TL;DR
We identify low-complexity repeats (LCRs) as key drivers of RNA-RNA interactions and develop RIME, a deep learning model using nucleic acid language model embeddings to predict RNA-RNA interactions. RIME outperforms traditional thermodynamics-based tools and successfully captures LCR-mediated interactions important for gene regulation and neuronal development.
Overview
RNA molecules do not work in isolation. RNA-RNA interactions (RRIs) are fundamental to gene regulation, RNA processing, and cellular homeostasis. They mediate crucial biological processes ranging from microRNA-mediated gene silencing to long non-coding RNA (lncRNA) regulation of transcription. Yet despite their importance, the molecular determinants that govern which RNA molecules interact—and why—remain poorly understood.
Traditional computational approaches for predicting RRIs rely heavily on thermodynamic models that calculate binding free energy based on base-pairing rules. While these physics-based methods have been the gold standard for decades, they face fundamental limitations: they struggle with non-canonical interactions, cannot easily incorporate biological context, and often produce predictions that don’t match experimental observations.
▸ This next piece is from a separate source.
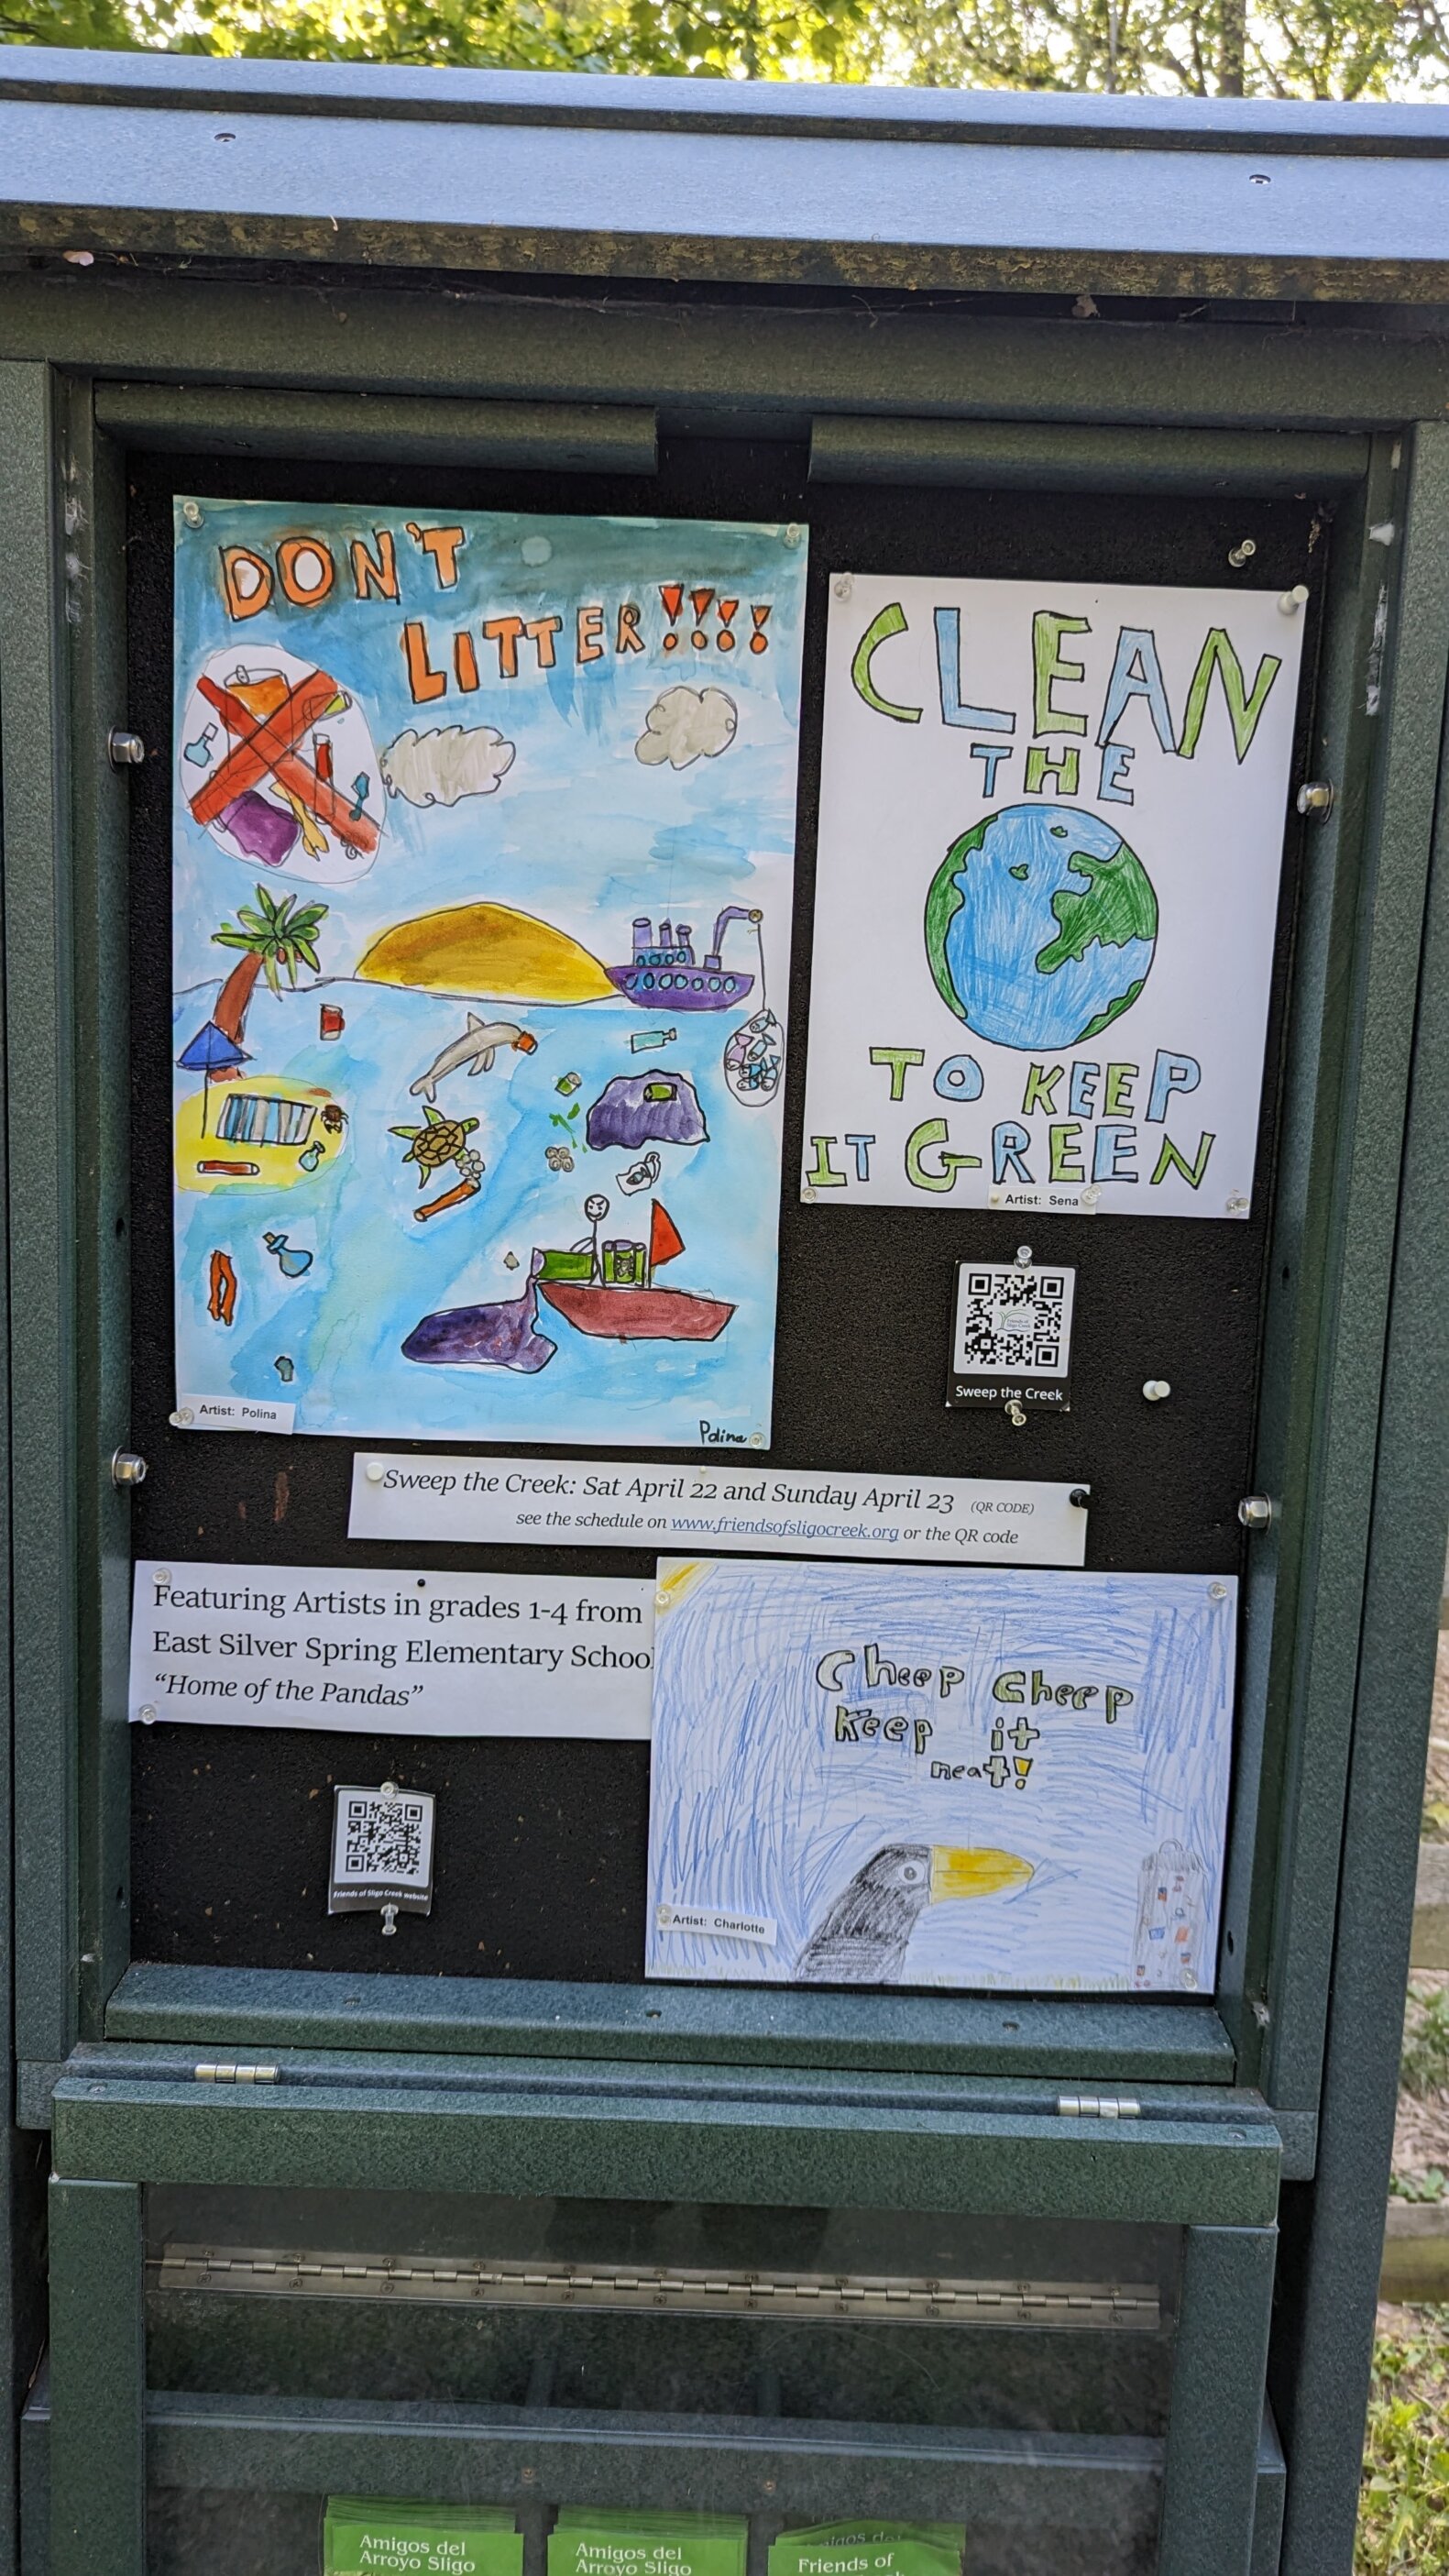 Section 2 Kiosk exhibiting students' artwork about Sweeping the Creek of litter.

This work makes two key contributions:
1. Biological Discovery: Low-Complexity Repeats as Interaction Hubs
Through systematic analysis of large-scale RRI datasets, we discover that low-complexity repeats (LCRs)—including simple tandem repeats like polyA, polyU, and other short motif repetitions—are dramatically enriched in interacting RNA regions. These LCRs:
- Enable thermodynamically stable interactions with multiple partners
- Act as hubs in RNA-RNA interaction networks
- Facilitate promiscuous binding patterns essential for regulatory RNAs
- Are particularly important for lncRNA-mediated gene regulation
We validate this discovery experimentally by profiling the interactome of Lhx1os, a lncRNA involved in neuronal development, confirming that its LCR-rich regions mediate biologically relevant interactions.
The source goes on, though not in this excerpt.